さて、これから一週間が山場になりそうな予感です。
というのも来週の土曜日にはポケモンマスター目指して旅に出るので、それまでにどこまで書き進められるかですね。

そんなわけで短めですが最重要イベント入ります。どうぞ。


五十八話『人としての幸せ』

 

 レオと別れて凡そ一時間。僕はラニと共に図書室でセイバーの情報を集めていた。

 今回、あの最強の相手と戦うにおいて、此方の最大のアドバンテージはサーヴァントの真名が分かっていることだ。

 セイバーの真名は、円卓の騎士の中でも屈指の実力者、ガウェイン卿。

 ガウェインについて、一回戦の時に少しだけ情報を手に入れている。だが、時間が無くて強さや能力まで調べることはできなかった。

「警戒するべきは、やはり聖剣でしょうね」

「うん……ガラティーン、か」

 ガラティーンはガウェイン卿が持つ聖剣だ。

 その名がわかっても、問題はこの剣について書かれた文献が少ないこと。

 文献によって情報はバラバラで、アーサー王が持つ聖剣エクスカリバーと対を成す剣だとか、どんなに斬っても刃毀れしないとか。

 果ては太陽の加護を得ているとか、遥か遠くに居る敵だろうと可視できれば刃が届くなどという信じがたい資料もある。

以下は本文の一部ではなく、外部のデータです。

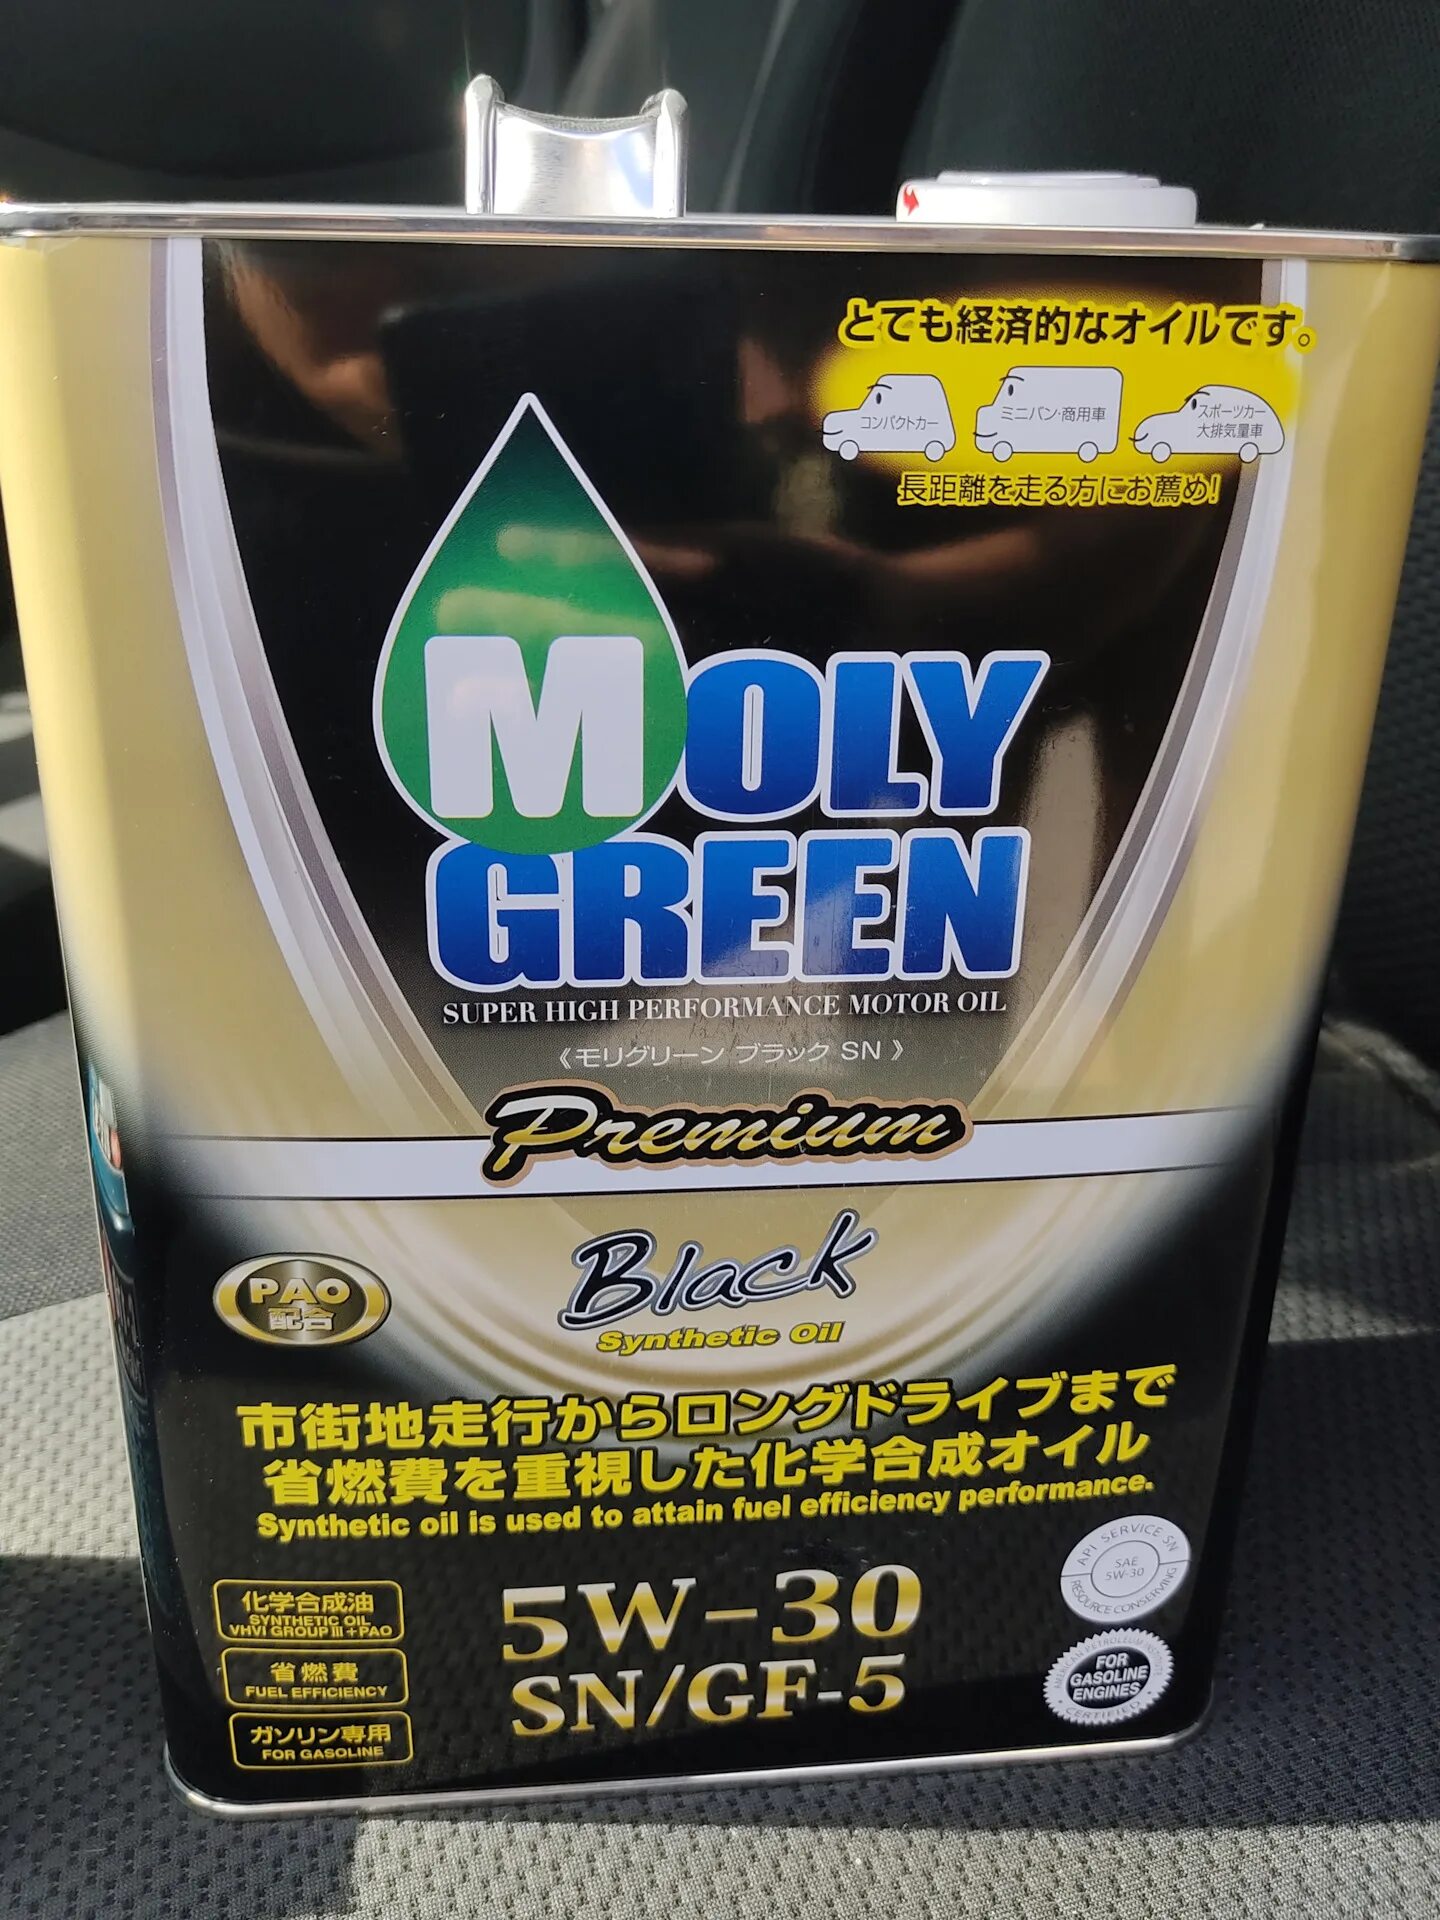 Моторное масло моли грин 5w30. Моторное масло Moly Green 5w30. Moly Green 5w30 Premium. Moly Green 5w30 Premium Black. Моли Грин премиум 5 30.

 それらが全て本当とは思えないが、どれが正確であるかも分からない以上、全てを考慮しておかなければならない。

 そして、後一つ。

「朝から正午にかけて、力が三倍になる能力……」

「これに関しては危険性は薄いと思います。ハクトさんのアリーナ探索時間は夕方から夜にかけて。その能力は発動しないかと」

 確かにそうか。それ程注目すべきことではないだろう。

 それに、決戦も夜に行われる。この能力があっても、決戦の際は発動していることはないだろう。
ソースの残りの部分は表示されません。